Although these traditional models are effective in handling structured tabular data, they struggle with complex, high-dimensional datasets where relationships between variables are non-linear. Another challenge with traditional models is the manual feature selection required to improve accuracy. In industries, the behavior of customers is highly dynamic, and static models similar to LR are insufficient. This limitation led to the adoption of machine learning models that could automatically learn patterns from large-scale customer data. Recent machine learning research on churn prediction has focused on enhancing model accuracy, interpretability, and scalability. One significant trend is the incorporation of deep learning techniques, such as neural networks, which can model complex, non-linear relationships and analyze unstructured data, including text and images. For example, recurrent neural networks (RNNs) have been utilized to improve attrition forecasting by analyzing sequential customer data, such as call logs or browser histories [29].

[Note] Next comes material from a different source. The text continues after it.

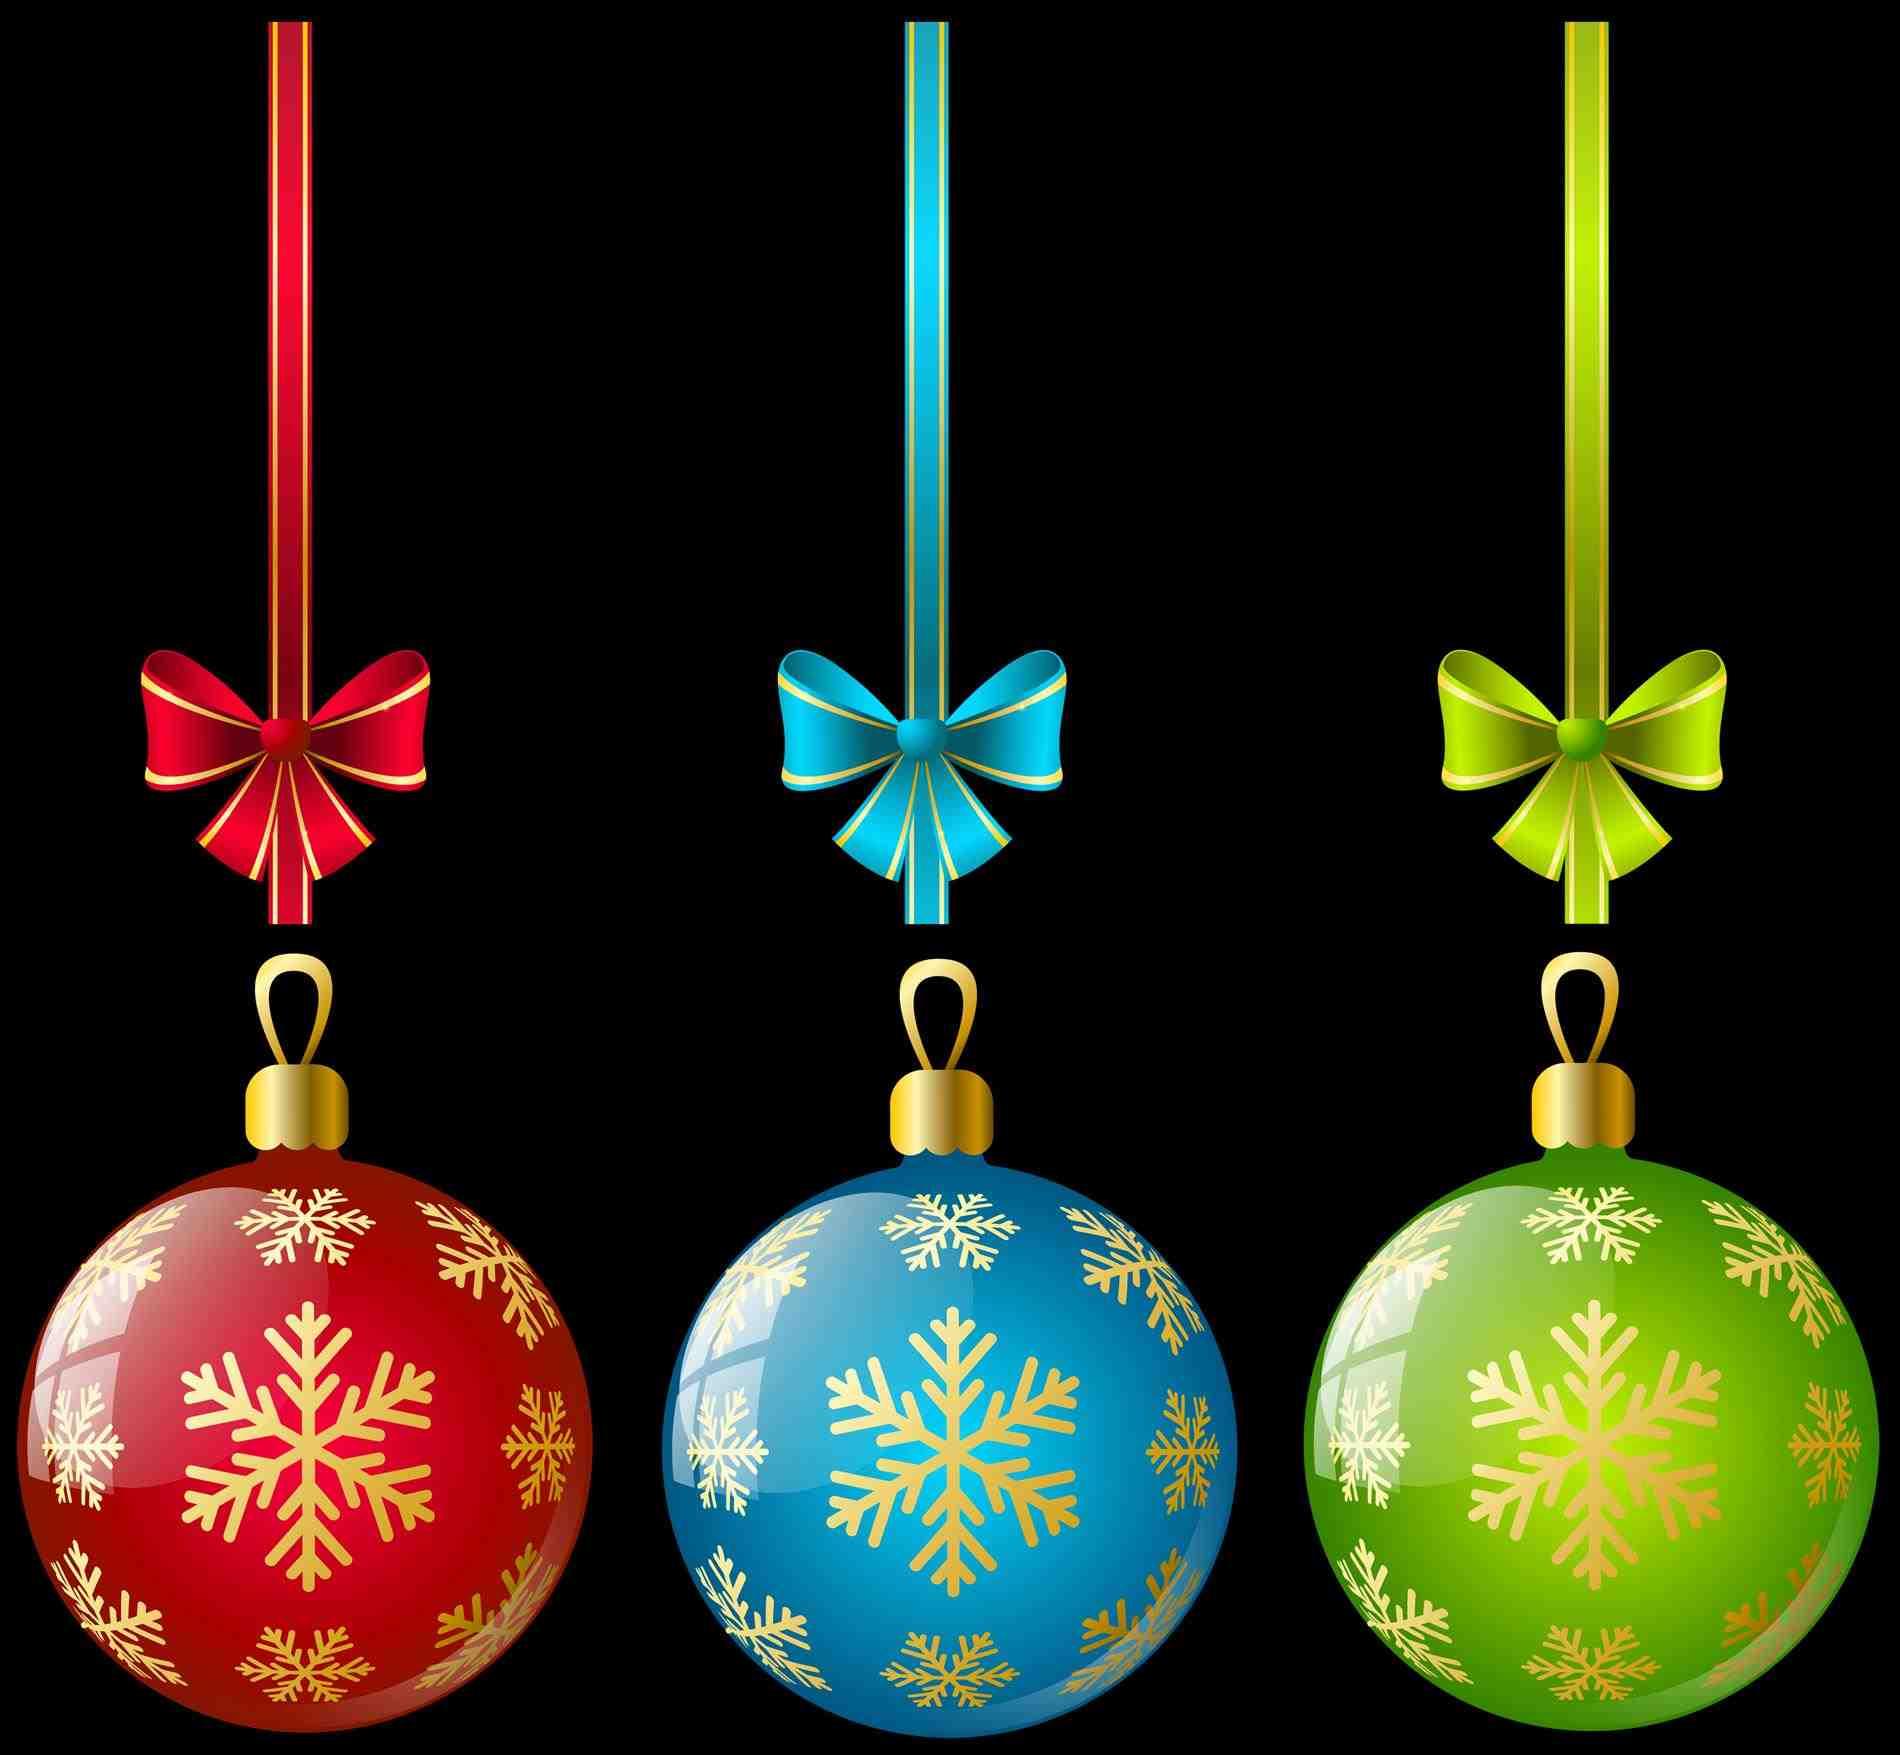 1900x1755 Christmas Ornaments Clipart Border Cheminee.website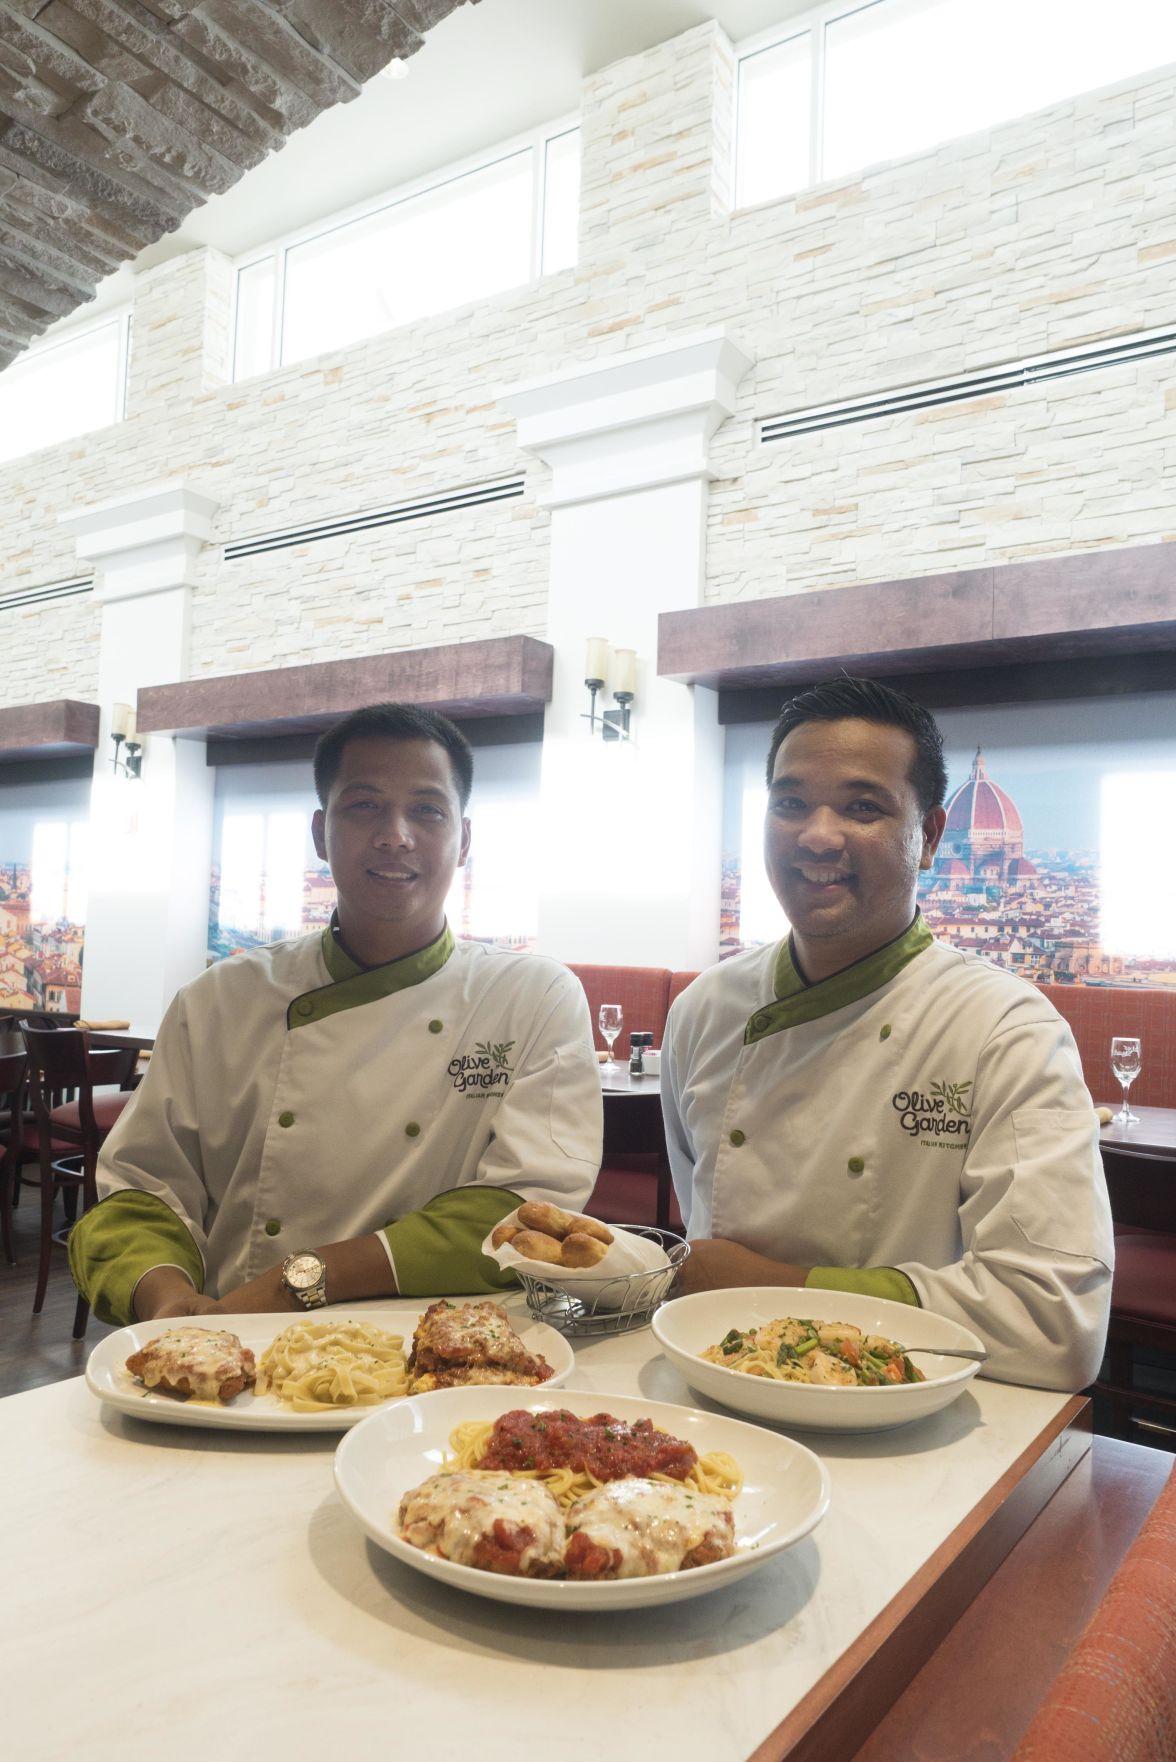 Olive Garden opens today in Tumon   Guam News   postguam.com

Recent studies have highlighted the significant advancements in deep learning architectures and meta-modeling methods for customer churn prediction. To enhance early churn identification in large-scale systems, Bhattacharjee et al. [30] developed a multivariate time series classification method that utilizes historical user–product interactions. On the other hand, Multilayer Perceptron (MLP) [17], Convolutional Neural Network (CNN), Feedforward Neural Network (FNN), and Recurrent Neural Networks (RNNs)-based models, along with their variations such as Long Short-Term Memory (LSTM) [31,32], Gated Recurrent Unit (GRU), Bidirectional Long Short-Term Memory Network (BiLSTM), and ensemble (LSTM+GRU) [32] have demonstrated better performance when processing behavioral and sequential data. To improve accuracy and interpretability, Rudd et al. [33] introduced a multimodal fusion model in the financial services industry that combines behavioral signals, speech data, and client financial literacy.

A more recent method by Bai et al. [34] demonstrated that deep sequential models remain highly successful for RFM-based churn prediction, indicating that classic RNNs outperform transformers when modeling time-variable parameters. Asfe et al. [35] integrated a Tabular Neural Network (TabNet) transformer with meta-model integration to build ensemble neural architectures and feature selection through Neighborhood Component Analysis (NCA) in the context of e-commerce. Customer churn prediction has advanced significantly in recent years, especially with the combination of explainable AI and deep learning techniques. Asif et al. [36] proposed an explainable and interpretable model for telecom customer churn prediction to ensure model transparency, trust, and improve decision-making. Moreover, the churn prediction task is enhanced by the clever deep fusion of attention-based models that emphasize attention processes, hybrid and ensemble techniques, and the timeless value of sequence modeling to complement and validate the decisions made in the financial services domain [37].

Finally, Ahmed et al. [38] used a deep learning method and proposed a technique called ‘TL-DeepE’, which first conducted Transfer Learning (TL) by fine-tuning multiple pre-trained deep convolutional neural networks (CNNs). They converted the telecom dataset into a 2D image format. Then, they used these CNNs as base classifiers, and Genetic Programming (GP) and AdaBoost as the meta-classifier. Their method obtained an accuracy of 75.4% and 68.2%, and an AUC of 83% and 74%, for the Orange and Cell2Cell datasets, respectively.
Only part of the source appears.